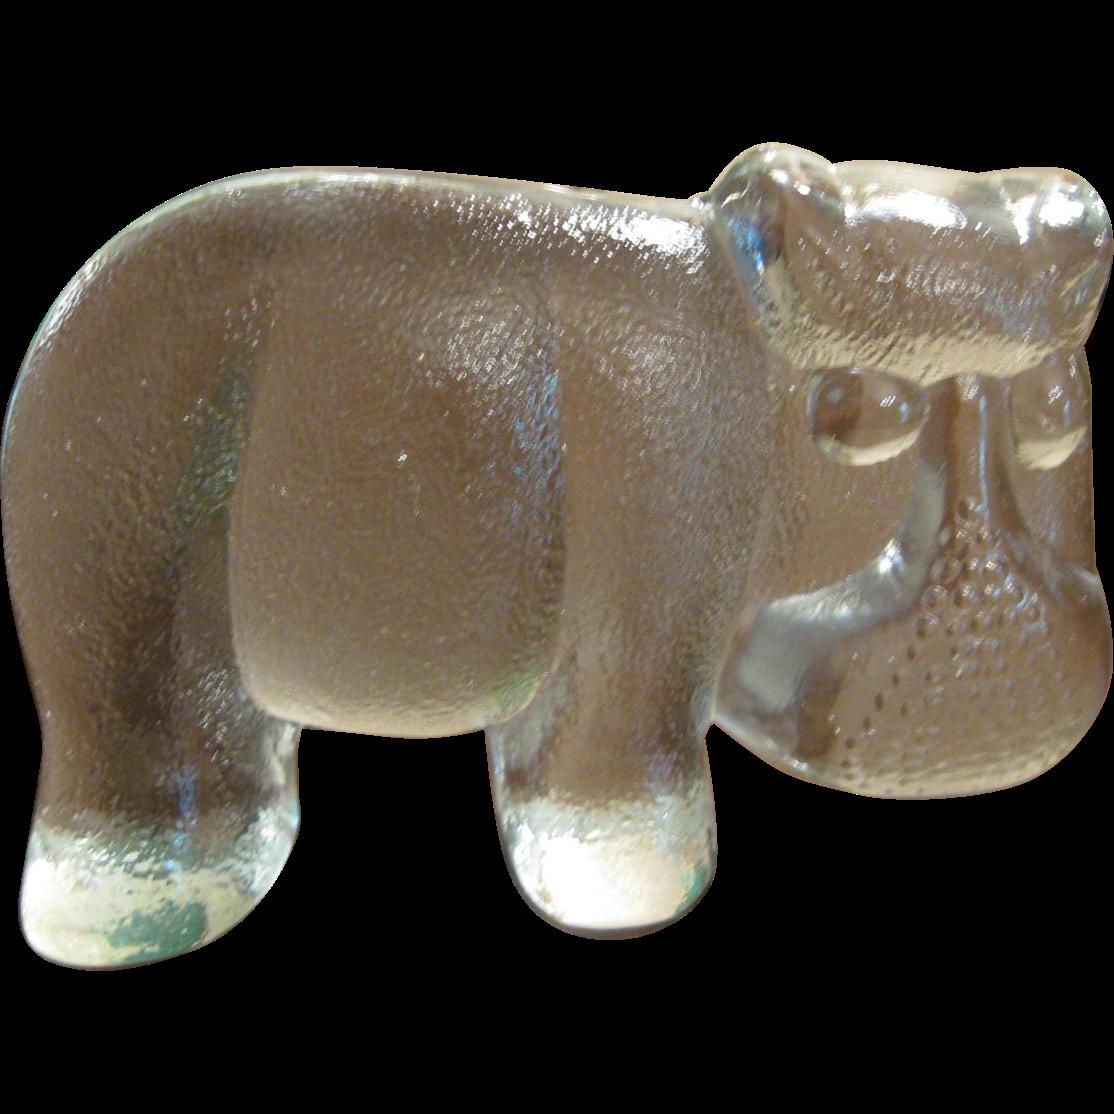 Kosta Boda Sweden Art Glass Hippo Paperweight
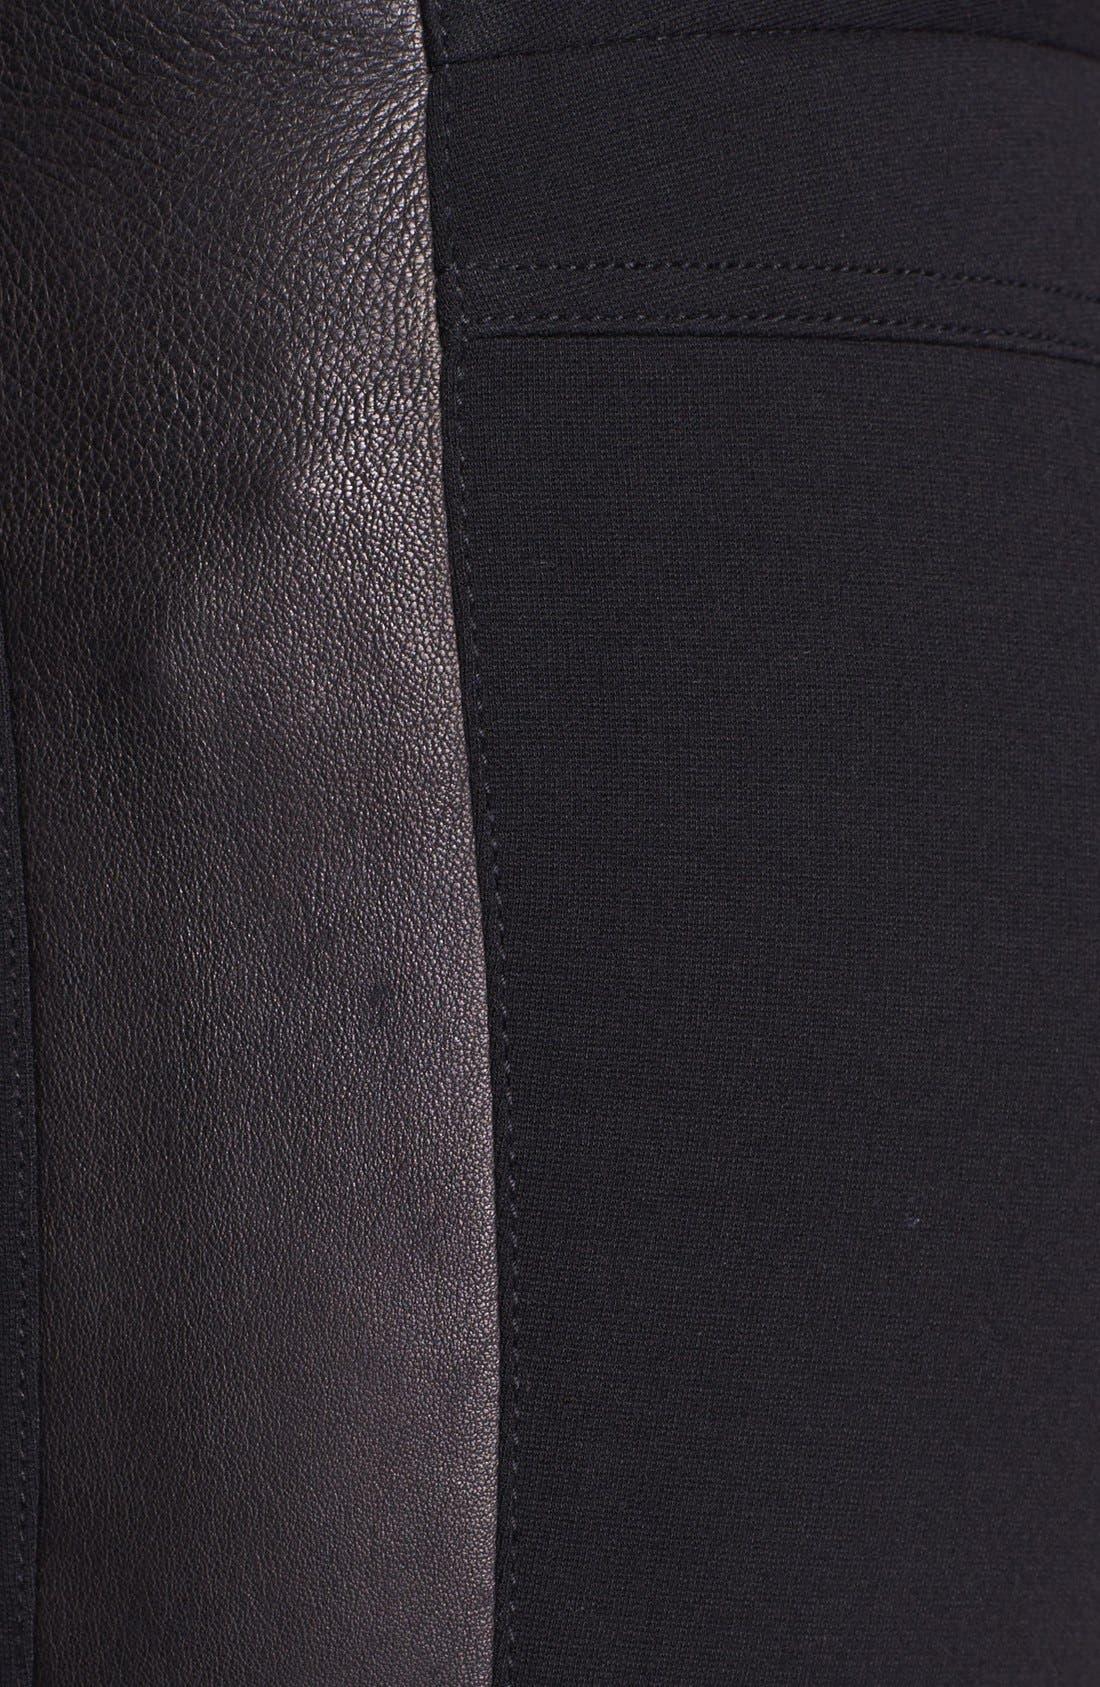 Alternate Image 3  - Diane von Furstenberg 'Leah' Leather & Pont Pants
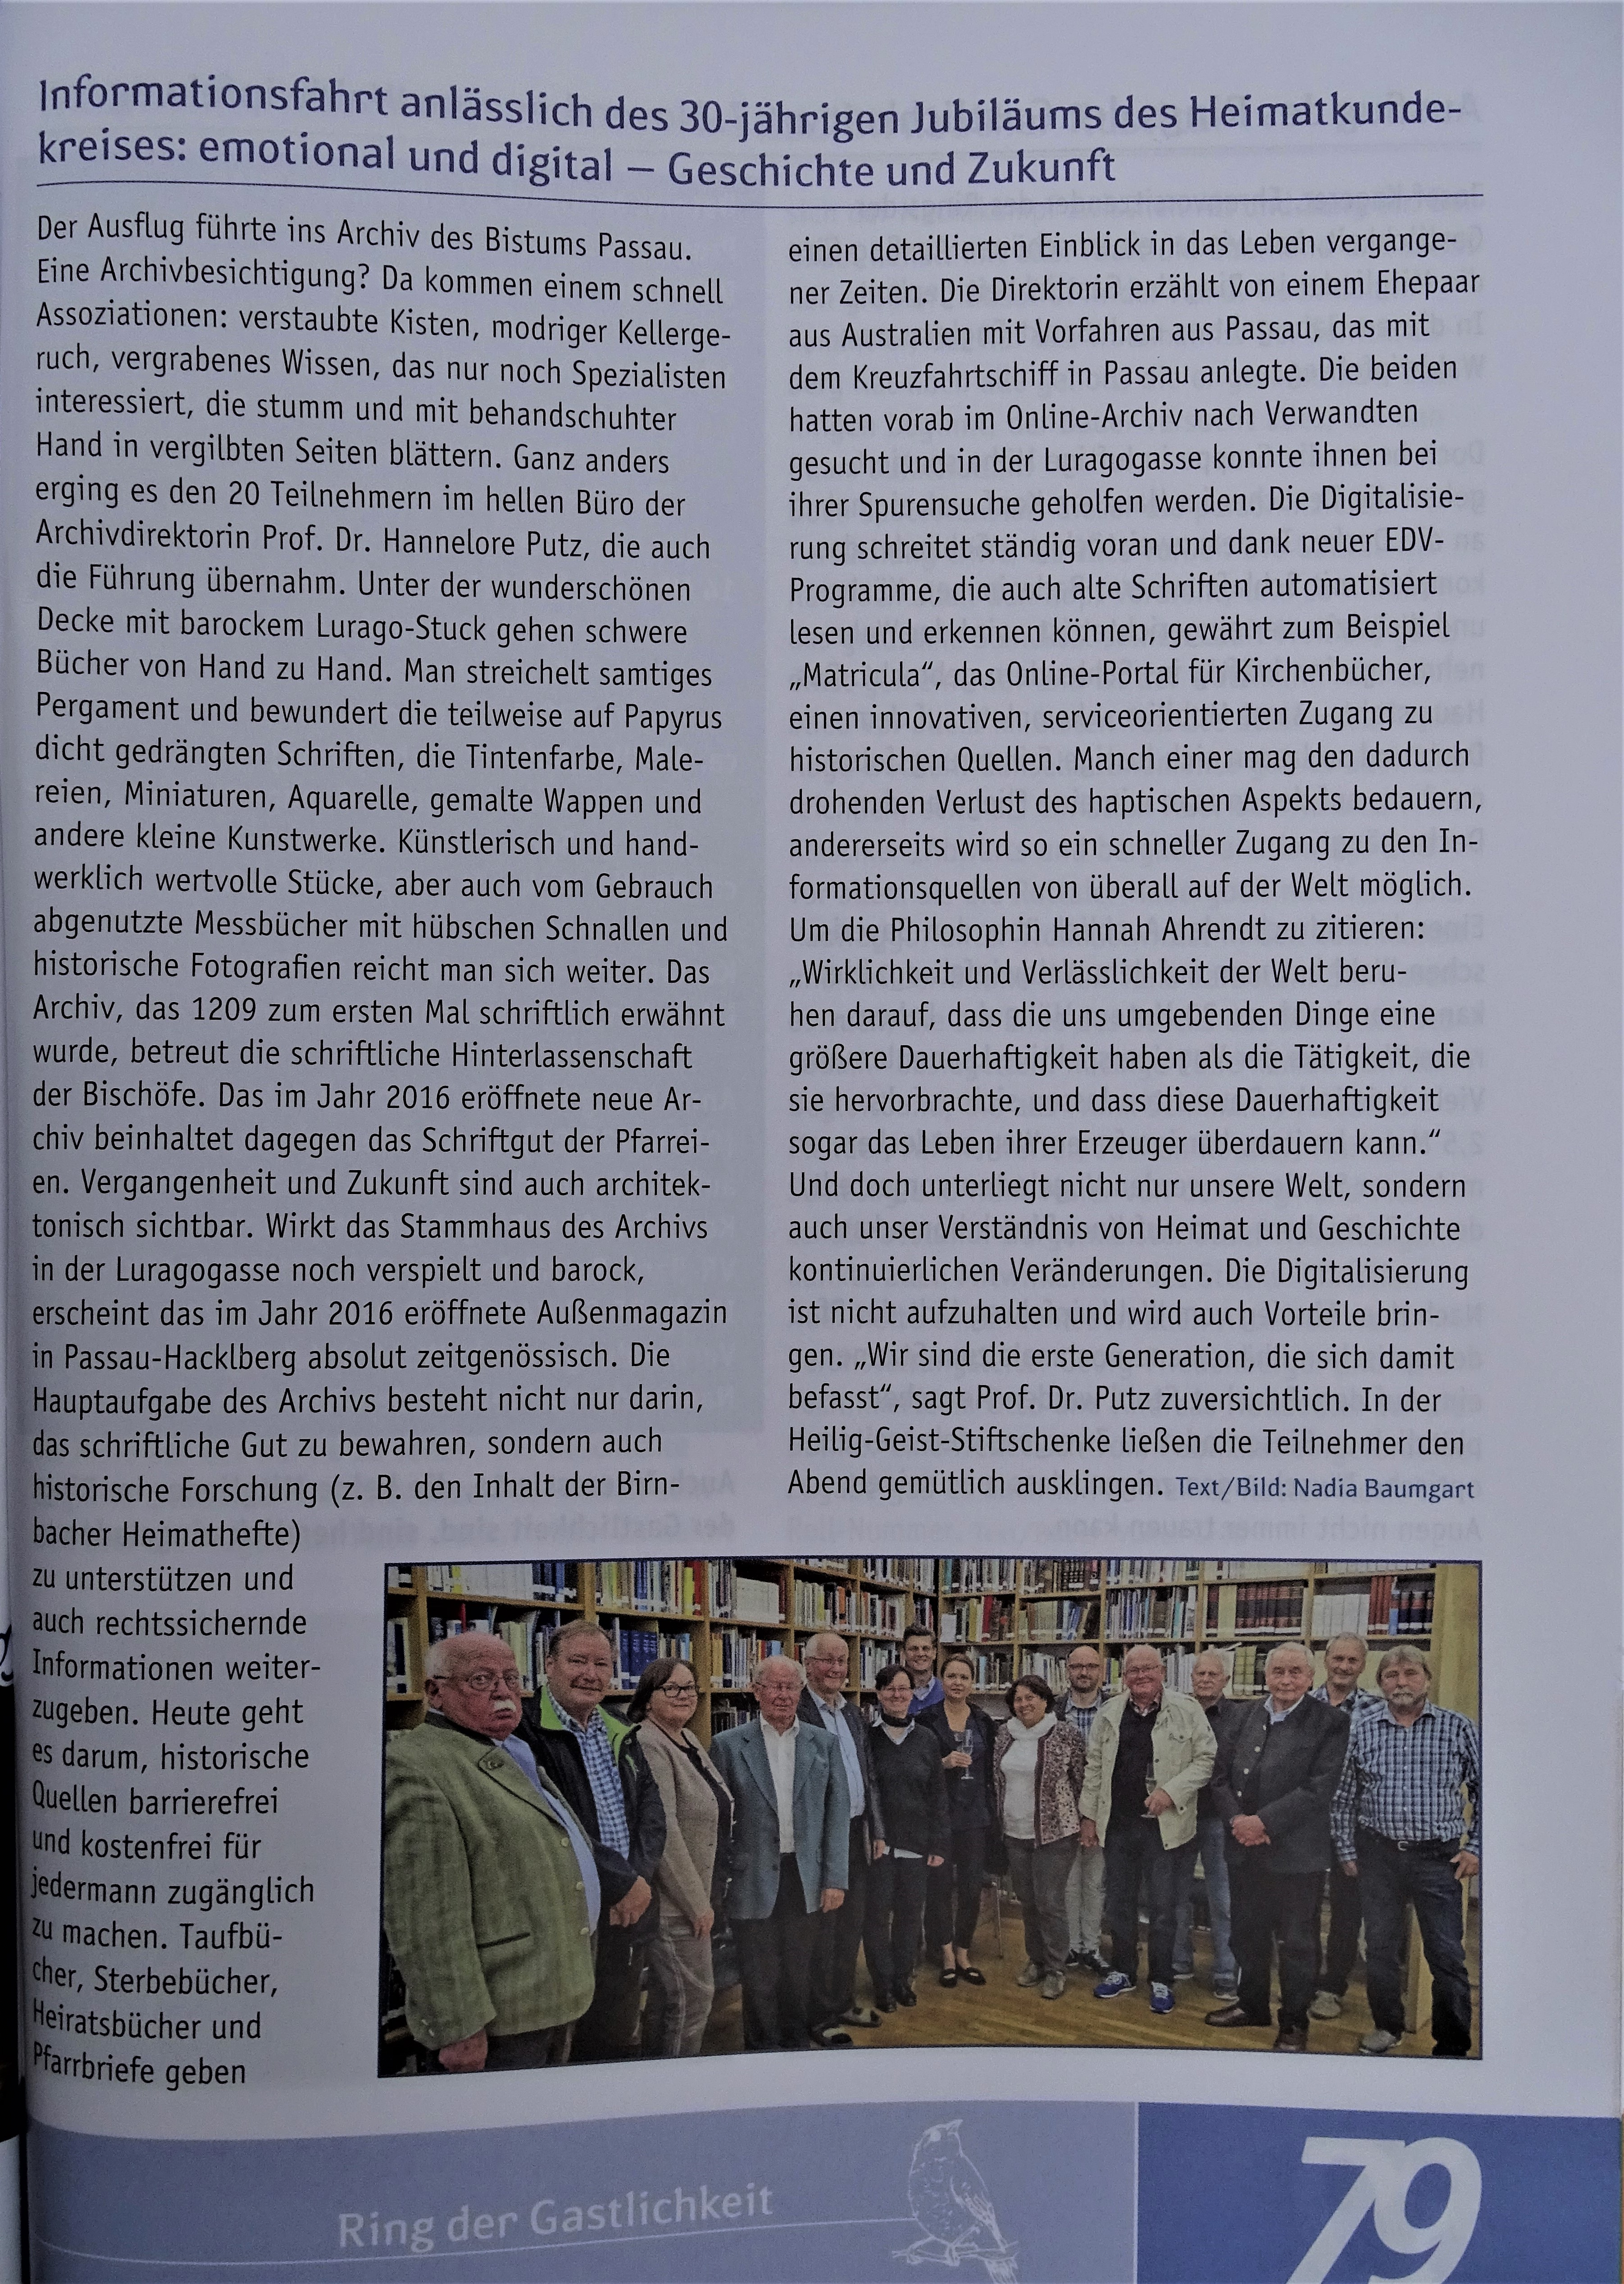 Kurspatz_Heimatkundekreis_Bad_Birnbach_Nadia_Baumgart

Exercise prompt: Begin at the line that contains "Alternate Image 3" and transcribe exactly, and only, each line through the final line of the data above, both included; the pictures do not go in.

Reply:
 Alternate Image 3  - Diane von Furstenberg 'Leah' Leather & Pont Pants
 Kurspatz_Heimatkundekreis_Bad_Birnbach_Nadia_Baumgart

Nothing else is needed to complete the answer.